■ TASK OBJECTIVE
Copy exactly the line containing "レトロなウェディングドレスでレトロ婚&レトロウェディングフォト" and all lines after it, through the last line of the material below; omit everything before it.

■ DATA SUPPLIED
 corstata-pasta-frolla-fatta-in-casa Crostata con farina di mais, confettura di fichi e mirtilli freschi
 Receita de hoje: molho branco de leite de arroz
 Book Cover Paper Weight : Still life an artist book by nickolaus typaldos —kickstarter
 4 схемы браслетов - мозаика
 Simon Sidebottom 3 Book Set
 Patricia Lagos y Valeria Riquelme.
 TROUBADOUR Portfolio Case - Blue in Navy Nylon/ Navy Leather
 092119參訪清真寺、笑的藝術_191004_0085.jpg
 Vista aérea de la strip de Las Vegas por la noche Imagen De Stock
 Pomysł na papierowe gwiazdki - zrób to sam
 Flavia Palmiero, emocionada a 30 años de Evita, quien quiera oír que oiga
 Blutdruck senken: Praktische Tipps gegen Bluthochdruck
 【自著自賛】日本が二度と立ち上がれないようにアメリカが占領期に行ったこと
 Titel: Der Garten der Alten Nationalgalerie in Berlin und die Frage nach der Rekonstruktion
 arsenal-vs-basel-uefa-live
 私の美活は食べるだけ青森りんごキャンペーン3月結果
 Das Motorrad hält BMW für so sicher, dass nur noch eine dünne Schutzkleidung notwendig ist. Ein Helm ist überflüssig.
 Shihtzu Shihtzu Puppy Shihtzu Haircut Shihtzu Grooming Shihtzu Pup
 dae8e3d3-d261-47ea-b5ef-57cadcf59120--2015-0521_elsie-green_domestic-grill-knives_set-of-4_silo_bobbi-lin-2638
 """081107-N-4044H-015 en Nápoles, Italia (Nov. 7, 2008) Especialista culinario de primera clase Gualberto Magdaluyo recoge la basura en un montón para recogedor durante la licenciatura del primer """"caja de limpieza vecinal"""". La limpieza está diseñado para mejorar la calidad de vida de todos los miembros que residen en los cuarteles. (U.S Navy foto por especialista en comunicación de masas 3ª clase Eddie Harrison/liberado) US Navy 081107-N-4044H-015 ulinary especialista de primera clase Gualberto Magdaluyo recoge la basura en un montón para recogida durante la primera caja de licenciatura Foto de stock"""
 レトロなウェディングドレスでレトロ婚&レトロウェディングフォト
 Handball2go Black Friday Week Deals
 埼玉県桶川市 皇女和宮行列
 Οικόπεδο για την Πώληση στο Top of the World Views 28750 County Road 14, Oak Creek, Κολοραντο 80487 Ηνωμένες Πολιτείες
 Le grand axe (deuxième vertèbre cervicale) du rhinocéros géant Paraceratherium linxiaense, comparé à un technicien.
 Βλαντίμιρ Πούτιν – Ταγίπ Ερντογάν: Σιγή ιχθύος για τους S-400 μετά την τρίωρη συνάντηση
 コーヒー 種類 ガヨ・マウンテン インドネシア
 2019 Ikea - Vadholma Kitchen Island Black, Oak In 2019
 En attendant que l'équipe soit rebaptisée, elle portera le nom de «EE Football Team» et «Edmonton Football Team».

■ RESULT
 レトロなウェディングドレスでレトロ婚&レトロウェディングフォト
 Handball2go Black Friday Week Deals
 埼玉県桶川市 皇女和宮行列
 Οικόπεδο για την Πώληση στο Top of the World Views 28750 County Road 14, Oak Creek, Κολοραντο 80487 Ηνωμένες Πολιτείες
 Le grand axe (deuxième vertèbre cervicale) du rhinocéros géant Paraceratherium linxiaense, comparé à un technicien.
 Βλαντίμιρ Πούτιν – Ταγίπ Ερντογάν: Σιγή ιχθύος για τους S-400 μετά την τρίωρη συνάντηση
 コーヒー 種類 ガヨ・マウンテン インドネシア
 2019 Ikea - Vadholma Kitchen Island Black, Oak In 2019
 En attendant que l'équipe soit rebaptisée, elle portera le nom de «EE Football Team» et «Edmonton Football Team».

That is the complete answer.